Your task
When you transcribe the data below, reproduce every line exactly and leave each picture out.
*** Given data Section Begins ***
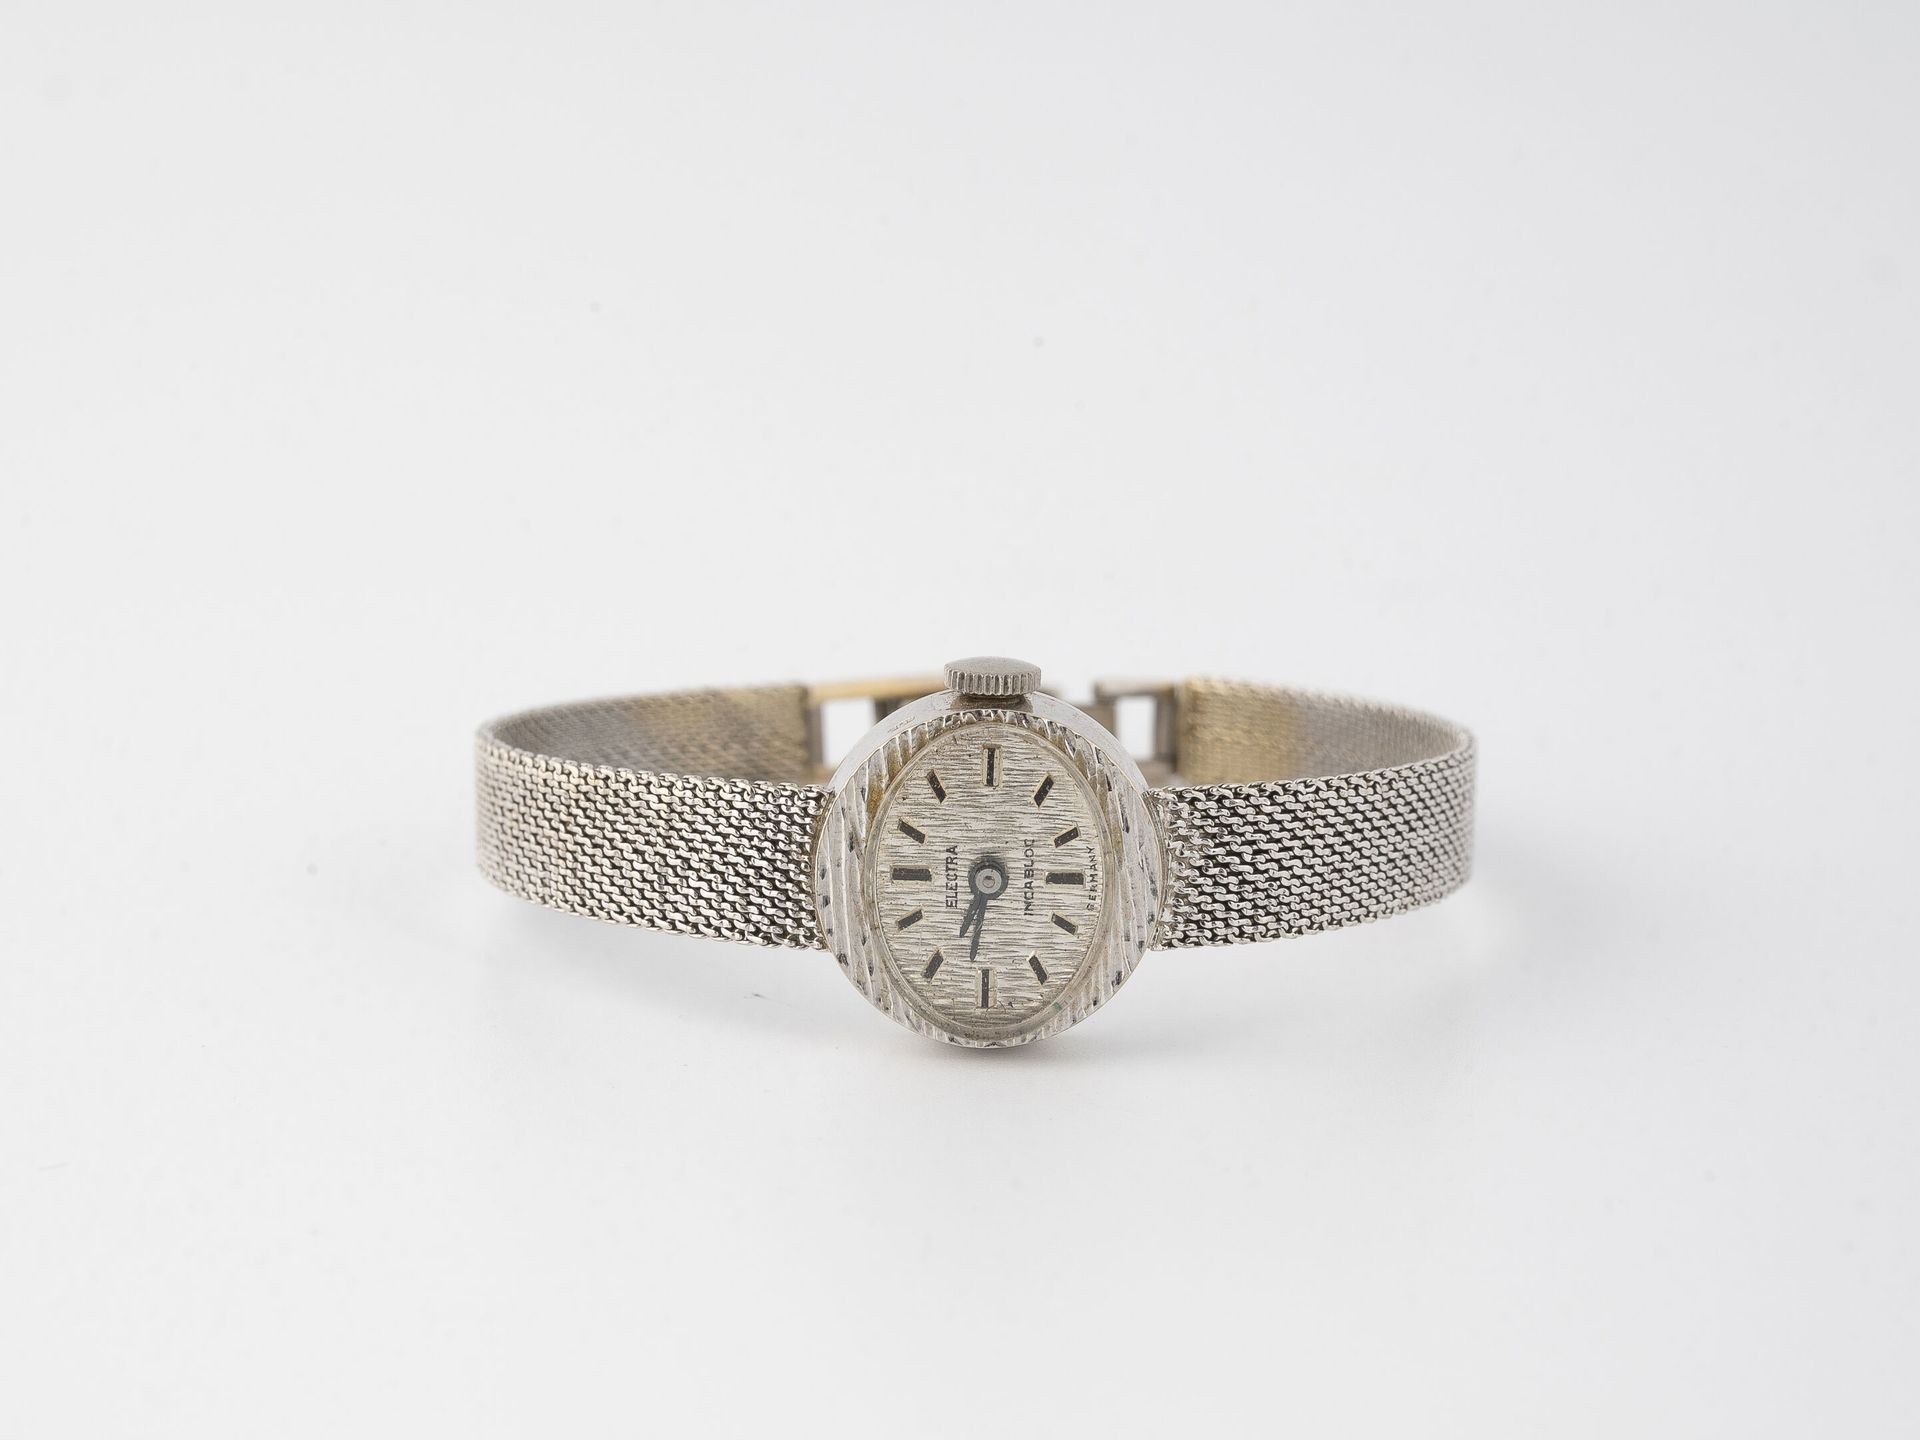 ELECTRA Piccolo orologio da polso da donna in oro bianco (750).

Cassa ovale.

Q&hellip;
*** Given data Section Ends ***
Task result
 ELECTRA Piccolo orologio da polso da donna in oro bianco (750).

Cassa ovale.

Q&hellip;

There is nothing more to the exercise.